А  Б  В  Г  Д  Е  Ж  З  И  Й  К  Л  М  Н  О  П  Р  С  Т  У  Ф  Х  Ц  Ч  Ш  Щ  Э  Ю  Я  AZ

 

Телефонные звонки в самую неподходящую минуту, очереди, транспорт в часы пик, отравленный воздух… С начала апреля Игнатьев уже мечтал о поле, как студентка, впервые собирающаяся на практику.
Сейчас он вспомнил, что средства на экспедицию в этом году опять урезали. Режут, лиходеи, из сезона в сезон, хоть караул кричи. Так ведь не поможет, кричали уже.
— Толцыте, и отверзется вам, — пробормотал Игнатьев, зевнув, и с привычным отвращением обозрел потолок. Многолетняя пыль, скопившаяся в завитках карниза, вида особенно не портила, напротив, она даже оттеняла рельеф роскошной лепнины, как-то оживляя его. Но сам потолок требовал побелки. А попробуй доберись — пять метров, шутка ли сказать. Ладно, потолок еще потерпит, а вот полки завалиться могут. Игнатьев повернул голову и оценивающе глянул на верхний ряд, плотно уставленный пожелтевшими комплектами «Археологического вестника». Кажется, прогнулось еще больше. Хорошо, если это произойдет днем, когда он на работе…

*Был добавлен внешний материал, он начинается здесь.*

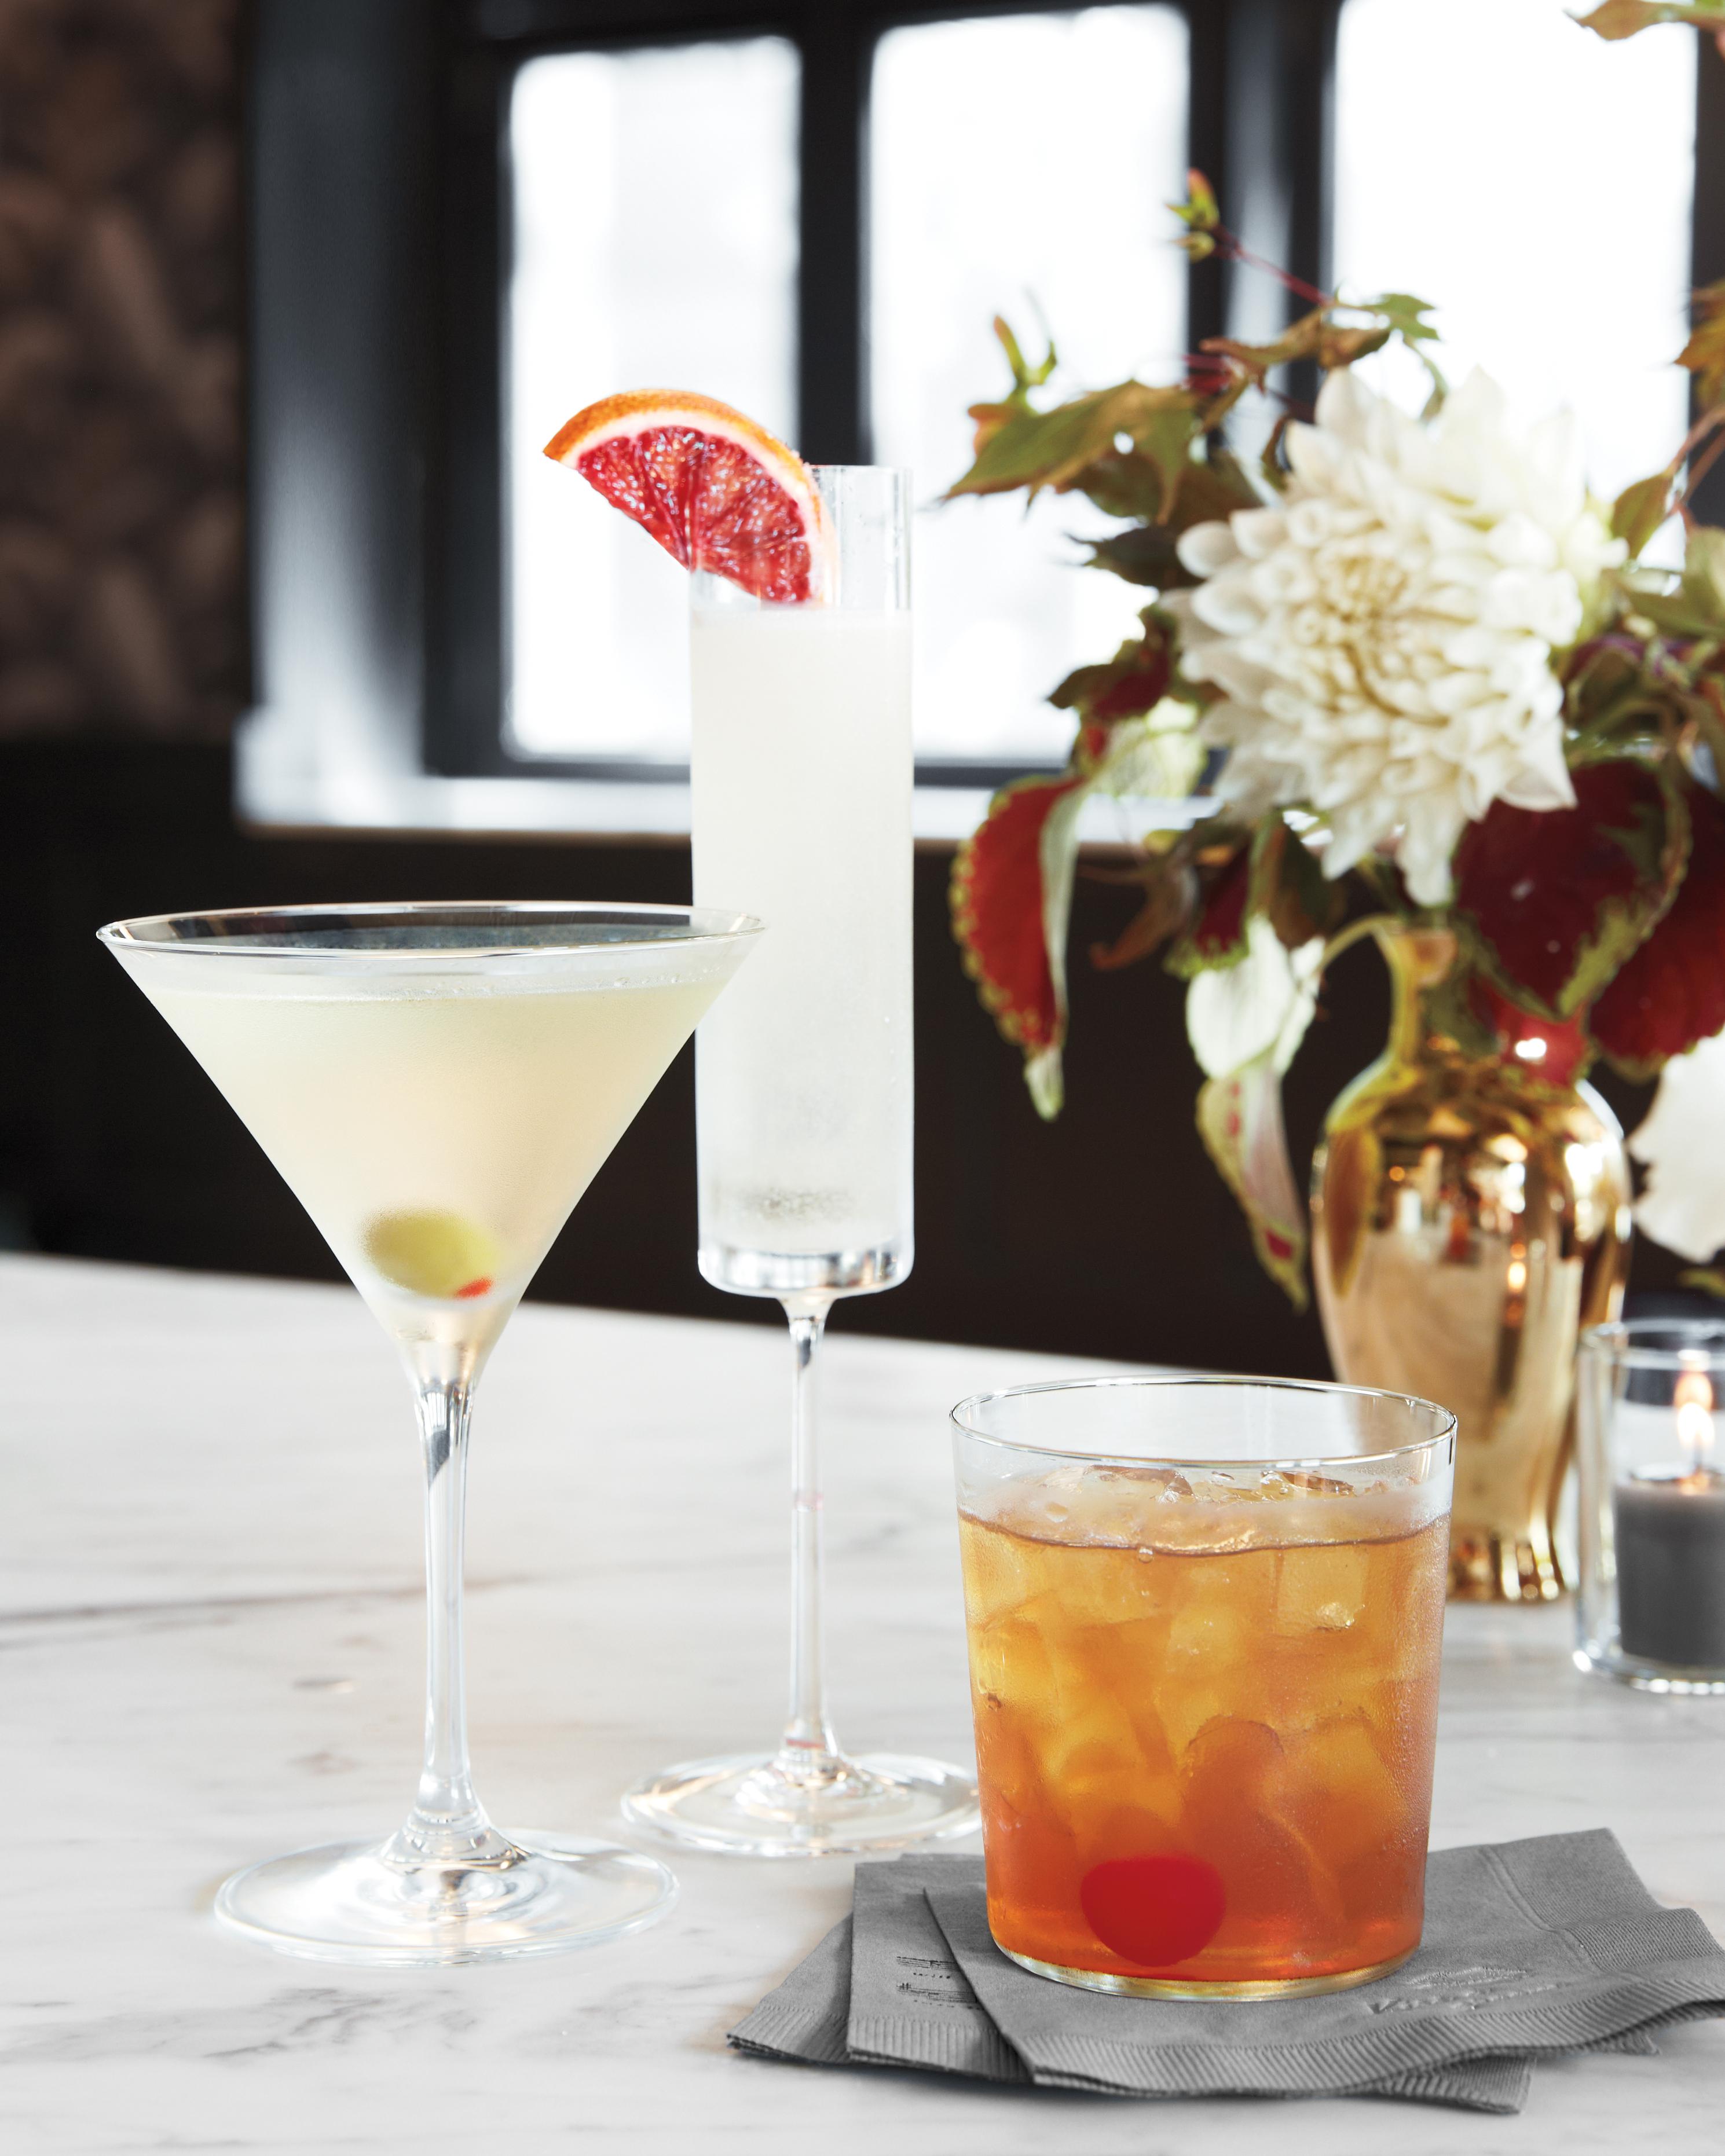 rw-anthony-rusty-cocktails-13-354-00526-wd110176.jpg

Рядом пронзительно заверещал будильник.
— Чтоб ты сдох, — сказал Игнатьев и, не глядя, на ощупь нажал кнопку.
Встав, он взялся за гантели, потом долго прыгал и приседал перед открытым окном. Небо оставалось безрадостным, хотя кое-где начинало уже просвечивать, словно до дыр протертая ластиком серая бумага, а над стеклянной пирамидой крыши Таврического дворца даже угадывалось нечто оптимистично-голубоватое. Как знать, вдруг еще и распогодится!
В коридоре, когда он возвращался из ванной, окончательно взбодрившись от ледяного душа, его перехватила старуха Шмерлинг-младшая.
— Митенька, бонжур, — сказала она простуженным басом. — Вы богаты куревом?
— Сейчас принесу! — крикнул он жизнерадостно.
— Не трудитесь, голубчик, я уже забрала ту пачку, что вы оставили давеча на кухне. Просто ежели это у вас единственная, то мы поделимся.
— У меня есть еще, Матильда Генриховна, я обычно покупаю с запасом.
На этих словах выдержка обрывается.